澿州巡檢司在康海門外一裏,門口兩只石獸,鼻子讓人摸得鋥亮。正堂大敞著,堂上掛一幅漕運圖,圖下的案桌堆著簿冊,坐著個人。

堂內,那穿黑色圓領窄袖袍的男子靠著椅背,閉著眼,手指在額上敲了敲。

堆著簿冊的案桌上擱著一塊指甲片大小的沙金,羅二拿指甲刮了刮,又對著光看,那東西在光下泛著暗沈沈的黃。

羅二把那塊沙金彈了一下,看它滾遠了又伸手撈回來:“河裏沈的是前朝官船,怎會有這東西?”

孟然沒答,把手裏那本冊子合上了。

羅二又彈了一下,這次滾到桌沿:“別處的魚兒吞了金,順水過來的?”

張四往他腦後一拍:“你個傻子,魚吞了金早死了。”

“哎,你個沒大沒小的敢偷襲你爺爺。”羅二回頭與他在桌下擡腿比劃了幾腳。

孟然接住桌沿那顆搖搖欲墜的沙金,沒接他們的話:“碼頭上什麽事?”

羅二往前湊了半步:“那可是有意思得很。有個攤主專門花錢買別人釣上來的魚,一斤賺兩文錢,還包殺,那些賣魚的樂得省事,運氣好開出金子就賺了,開不出也虧不了幾個錢。”

他頓了頓,又補了一句:“收魚攤子會不會與這事有幹系,哪有這麽巧的,沙金剛露面,就開始收魚。老賊那事也還沒下文,這又冒出來一樁,兩邊都懸著。”

孟然靠在椅背上,那粒沙金在他指間翻了個個兒。

“那老賊說不定之前就淹死了,找了那麽多日,連個鬼影子都沒。”羅二摸了摸腦袋,“街上的野狗都混熟了,一見我就過來搖尾巴。”

張四一旁嘴賤道:“你沒與它搶食吧。”

羅二“哎”了一聲又與他打起來。

“鹽船呢?”孟然敲了一下桌,兩人瞬間站直不鬧了。

羅二撓了撓頭:“那些賭坊暗道我都去了,一點風聲都沒。”

張四正了正色:“我看這船就是瀨幫那些人弄的把戲,弄些空袋子扔水裏充數,好叫咱們查不著。”

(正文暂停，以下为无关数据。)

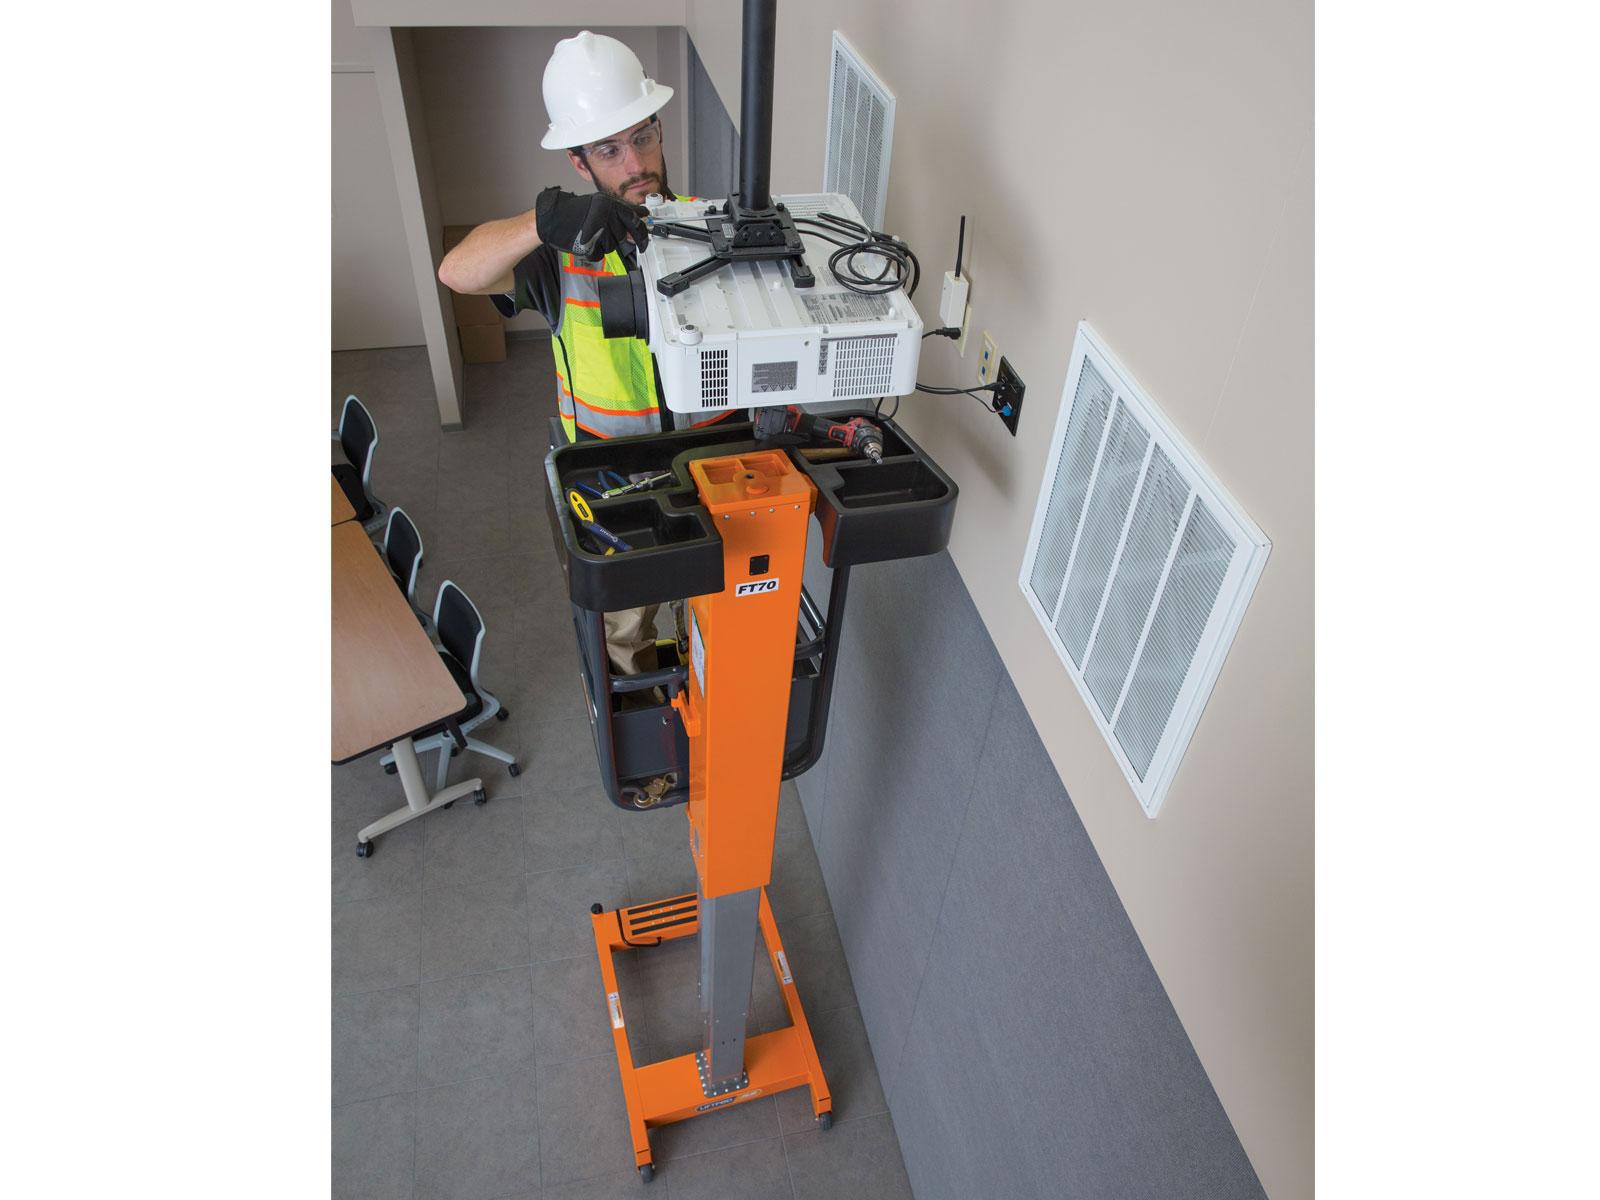 Personal Portable Lift 14 ft Liftpod  Decker Tool

孟然拿著沙金在手上顛了顛,又被他捏起來:“查這半月裏,哪條船修過底艙,哪個碼頭換過新麻繩,哪家鋪子賣過這批袋子。”

張四應諾下去了,羅二還釘著不動。

孟然擡眼看他:“還有事?”

“那我幹啥去?”

“不是要查魚攤,去吧。”孟然從桌上摸起那顆沙金,隨手一拋。

羅二伸手接住了,轉身往外走,走到門口又回頭:“三郎,那魚攤要是真有問題?”

孟然沒擡頭,翻開一本簿冊,淡淡一句:“那就把攤子掀了。”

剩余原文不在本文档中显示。